We are not persuaded for several reasons. First, as noted, rule 606 does not apply to the proceedings in Royston's case. Second, we are not convinced that the rule prescribes procedures that must be followed before a summons is physically posted. And third, even assuming a court rule could inform our determination of legislative intent, we do not go beyond the plain language of an unambiguous statute to discern the legislature's intent. See Hagen v. Steven Scott Mgmt., Inc. , 963 N.W.2d 164, 176 (Minn. 2021).
Finally, Royston argues that our Koski decision requires reversal here. In Koski , we determined that the district court did not have personal jurisdiction over the tenant because the landlord had failed to strictly comply with section 504B.331(d). 837 N.W.2d at 745. There, the landlord failed to mail a copy of the eviction summons to the tenant. Id. at 743. And the landlord failed to file the required affidavit with the district court.

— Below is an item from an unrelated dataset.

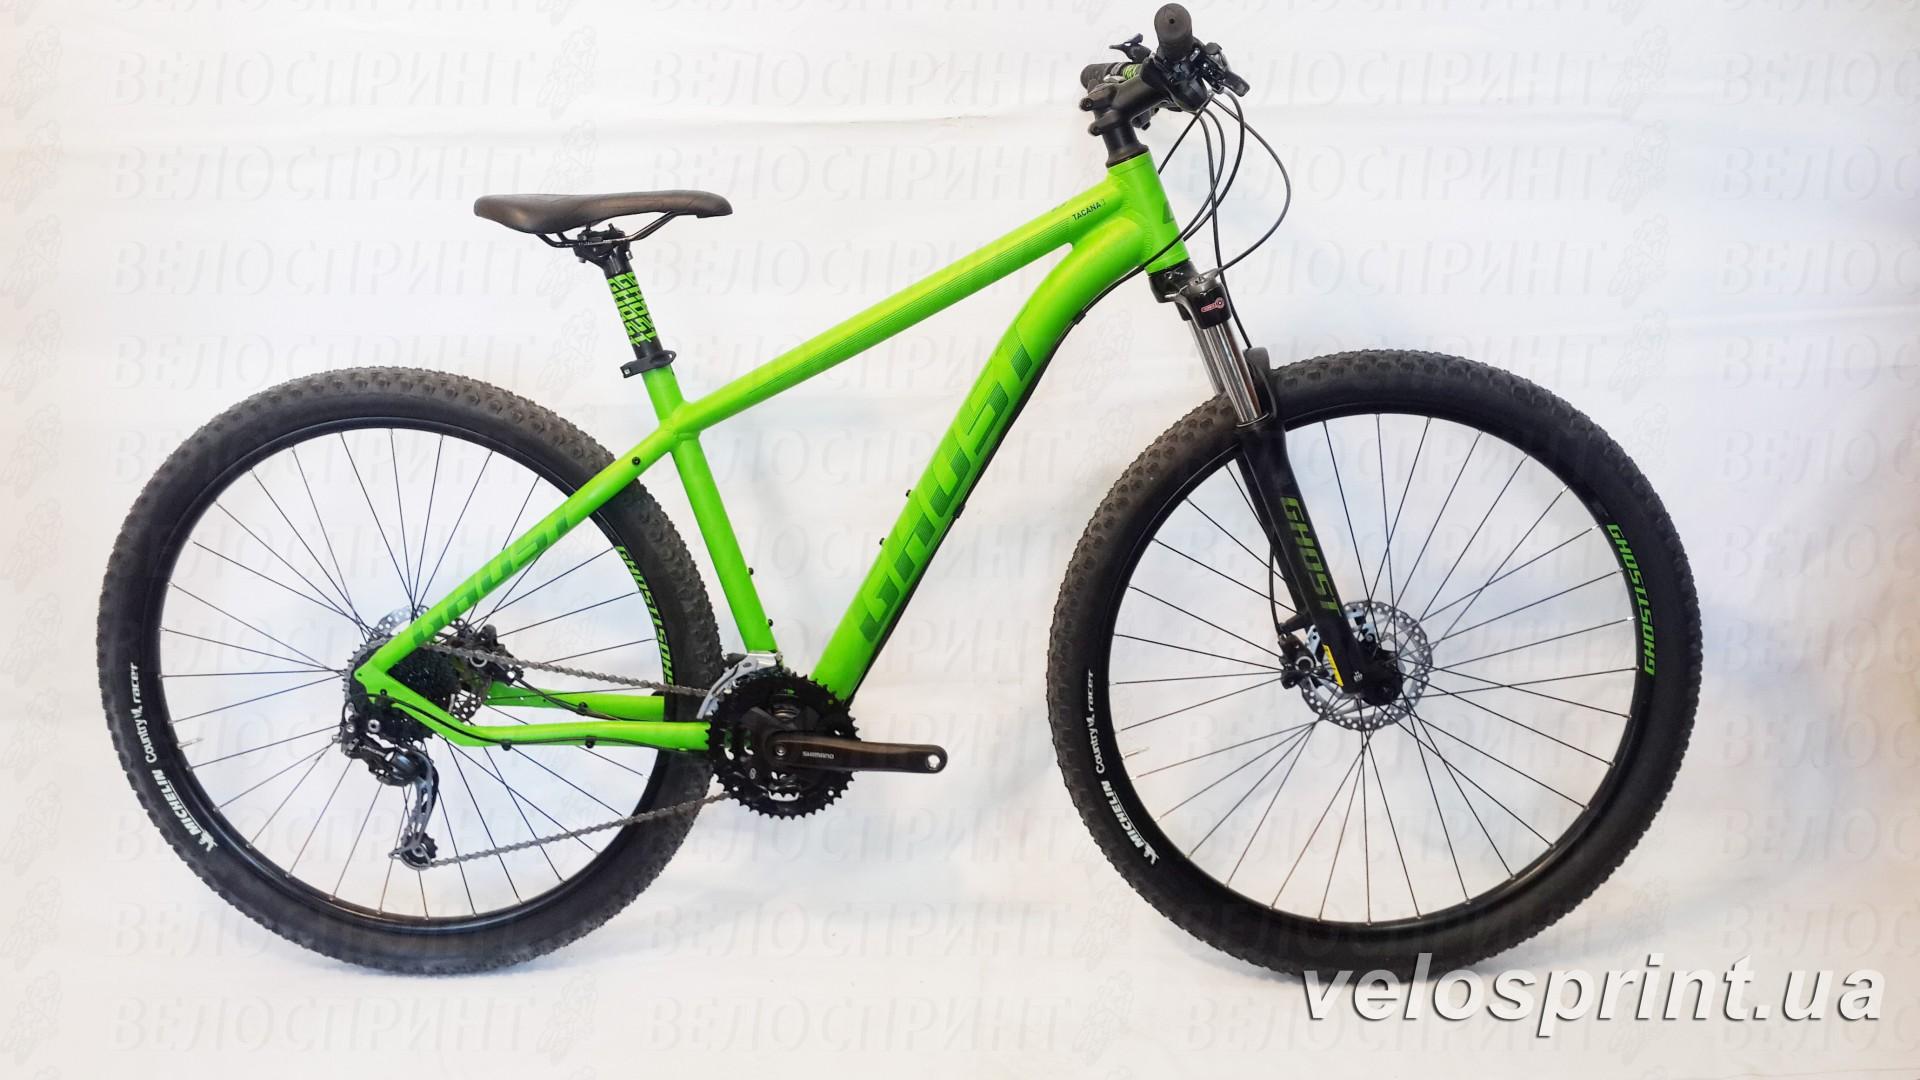 Велосипед GHOST Tacana 3 green/darkgreen/black общий вид год 2016

Id.
Here, HRA satisfied each of the requirements of section 504B.331(d) and completed each requirement at least seven days before the first hearing. There were two unsuccessful attempts at personal service, including one between 6:00 p.m. and 10:00 p.m. HRA mailed the summons to Royston's last known address. An affidavit was filed in the district court certifying that Royston could not be found in the county and that the summons had been mailed. And, following the second unsuccessful attempt at personal service, the summons was posted in a conspicuous place. Because HRA strictly complied with section 504B.331(d), service of the summons by posting was effective. See Koski , 837 N.W.2d at 742.
DECISION
The plain language of section 504B.331(d) provides that posting a summons at least seven days before the first hearing in an eviction action constitutes effective service so long as the following have also occurred not less than one week before the first hearing: (1) there have been two attempts at personal service on two different days, including one between the hours of 6:00 p.m. and 10:00 p.m. and (2) the landlord or landlord's attorney has signed and filed an affidavit with the court stating that the tenant cannot be found or is believed to be out-of-state and that the summons has been mailed to the tenant's last known address or that such an address is unknown to the plaintiff. Because HRA strictly complied with these requirements, the district court properly exercised personal jurisdiction over Royston.